For years after his death, I continued to receive interview requests for me to talk about Aritomo. Then came the enquiries asking for permission to visit Yugiri. I turned away every one of them. Interest in Aritomo did not die off completely, but I was relieved when it waned over time. The periodic flashes of curiosity over the decades usually occurred during the reissues of his translation of
Sakuteiki
, or when one of his early
ukiyo-e
prints went on sale in an auction in Tokyo. Over the decades the story of his disappearance had obscured him, like mists blurring the outlines of a mountain range, transforming it into whatever shapes people wanted to see.

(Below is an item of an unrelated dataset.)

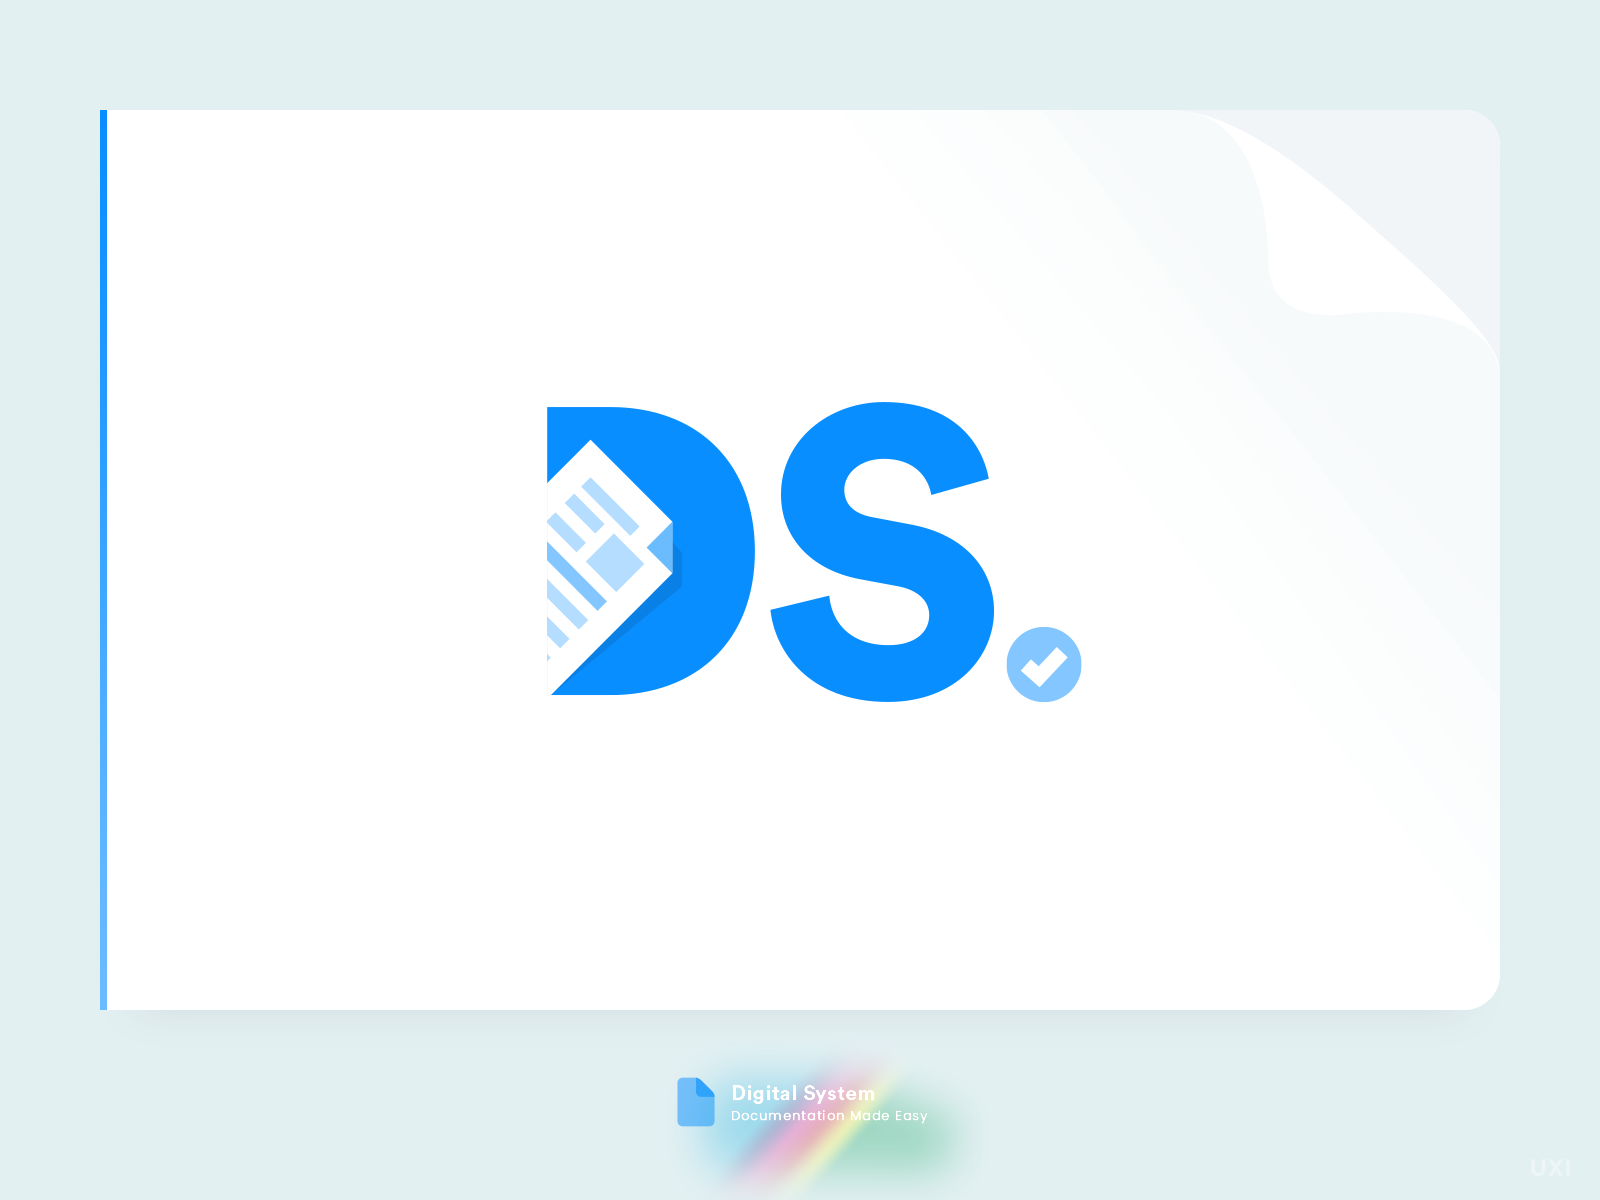 ds logo by jd on dribbble ds logo by jd on dribbble
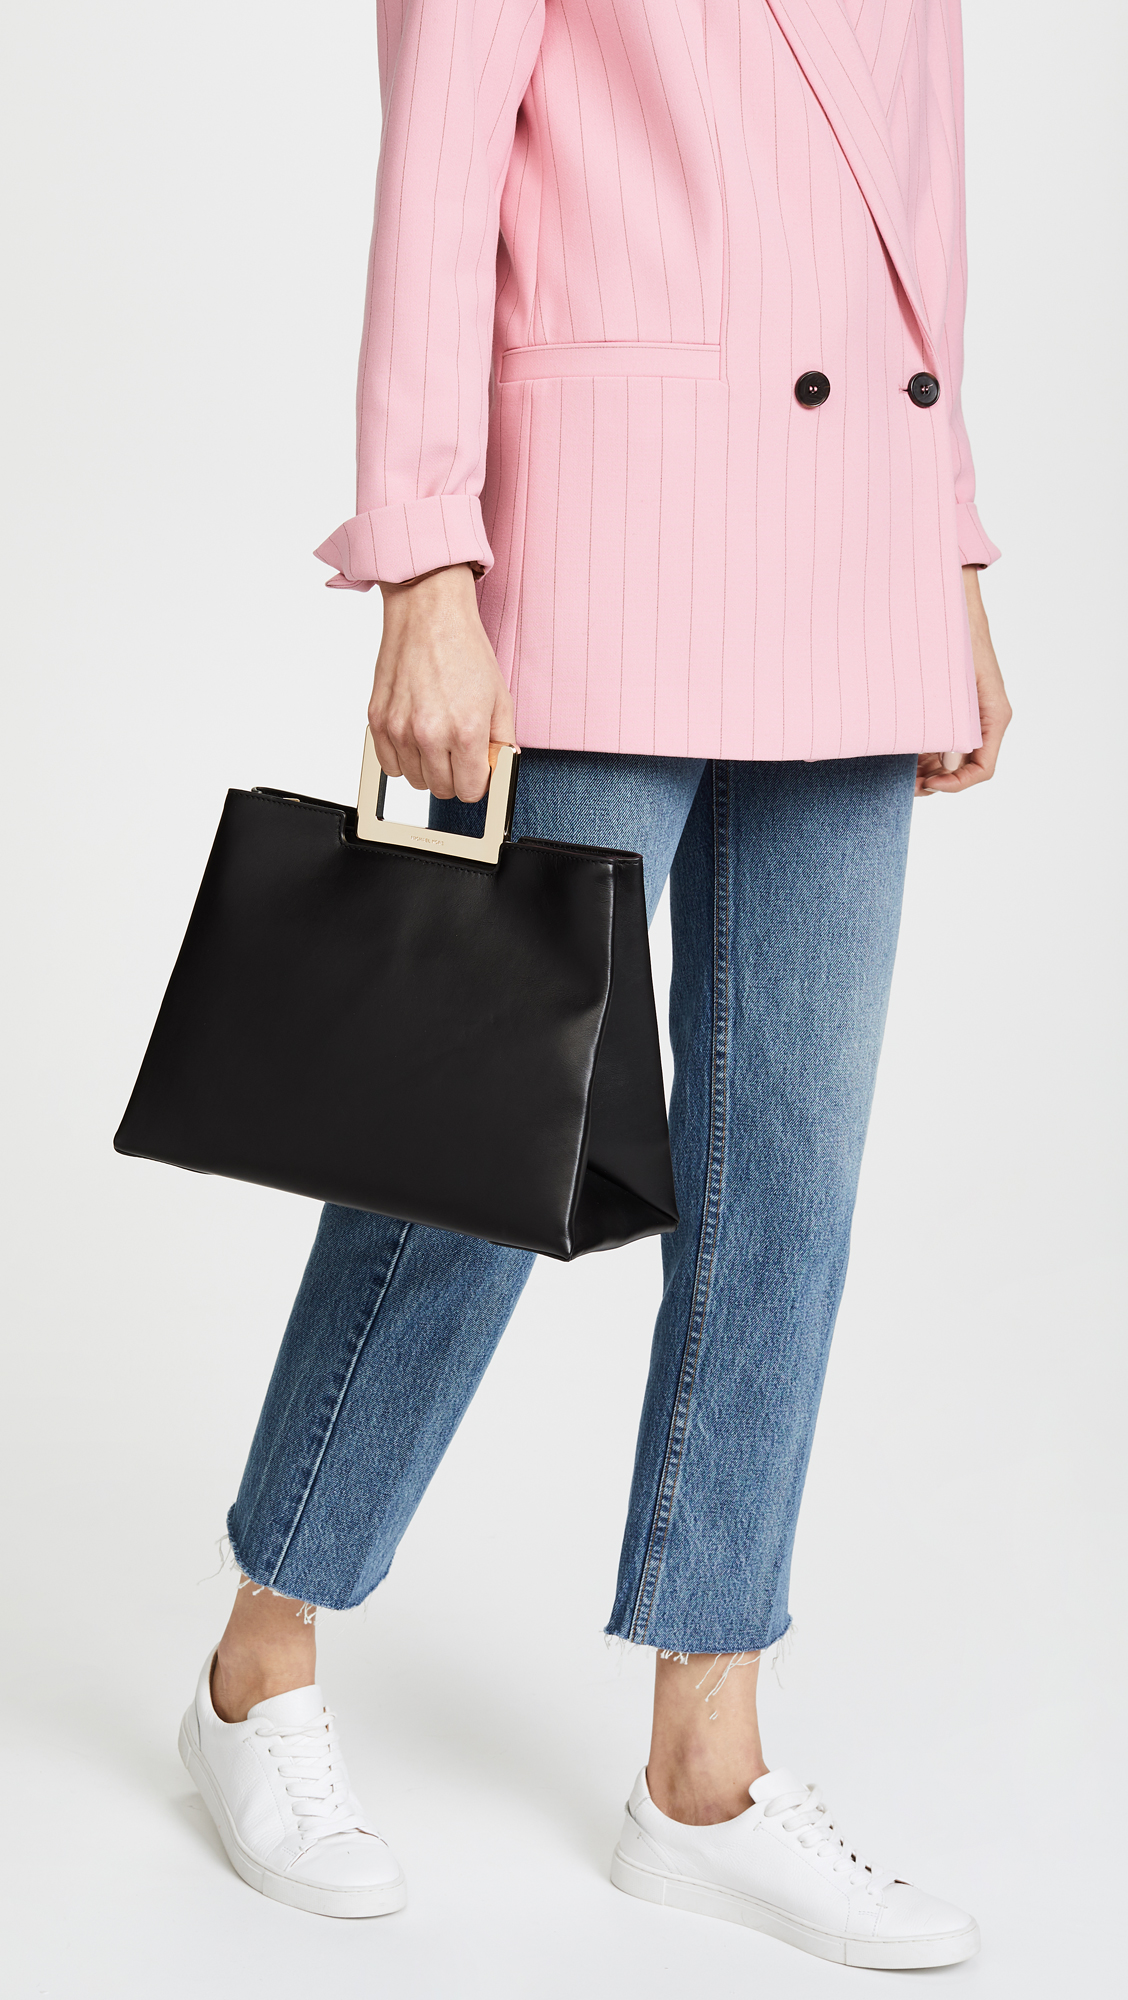 Kristen Large Top Handle Satchel Bag in Black Polished Leather Michael Michael Kors eOt8fHhhkb

‘Since coming here I’ve discovered an entire cottage industry centred just on Aritomo-sensei,’ Tatsuji says, shaking his head, half in admiration, half in disbelief. ‘Walking tours and talks, beer mugs and books and postcards and maps.’
‘I wouldn’t waste any money on those books if I were you. They’re rubbish, every one of them. Written by people who never knew him.’
‘Some of the theories
are
quite credible,’ Tatsuji says.
‘Which?’ I throw a few of them at him: ‘The one which says he had been kidnapped by the communists? Or that a tiger had mauled and eaten him? Some even think that he was a spy and had been recalled home to Japan.’
‘If he did return to Japan, no one ever saw him.’
‘You know which theory was my favourite?’ I ask. ‘The story a
bomoh
– that’s a Malay witchdoctor – told me: that an aboriginal sorceress had fallen in love with Aritomo and had bewitched him to live with her in the jungle.’
‘I remember the morning when I read about Aritomo-sensei’s disappearance in the news,’
Tatsuji says. ‘That was the moment he became a real person to me, and not just a name. Strange, is it not, that a man should become real only when he vanishes?’
Elephant-ear ferns between the rocks flap gently, and I fancy for a moment that they are straining to eavesdrop on our conversation.
‘What do you think really happened to him?’ Tatsuji asks.
‘Look around you.’ My hand draws a circle in the air, throwing a lasso over the mountains. ‘Do you know how easy it is to lose your way in the jungle? Just one wrong turn and suddenly you wouldn’t know where you were.’ I point to a ridge behind us, a crack running up its side. ‘See that viewing tower jutting out there, among the trees? His favourite walk goes past that. You think you would be able to find your way out from the jungle if you went off the path there?’
‘Probably not.’
‘People get lost in the jungles up here. It happens quite often, although the papers don’t report it. And forty years ago the highlands weren’t as developed as they are today. This place was wilder then.’
Tatsuji’s eyes take in the hills in a long, slow sweep. Going to the edge of the slope, I tell him about the Taoist symbols Aritomo had etched with light and shadows on the lawn below. He shades his eyes with his hand and peers down. ‘I do not see them.’
‘Too much cloud-shadow,’ I reply.
But when we walk past the area later I realise it is not the clouds that have rubbed away the symbols but the grass growing wild. The boundary between positive and negative, male and female, darkness and light, has been lost. Like so many other features in Yugiri, the positive and negative elements created by Aritomo are based on illusion, visible only when the right conditions are present.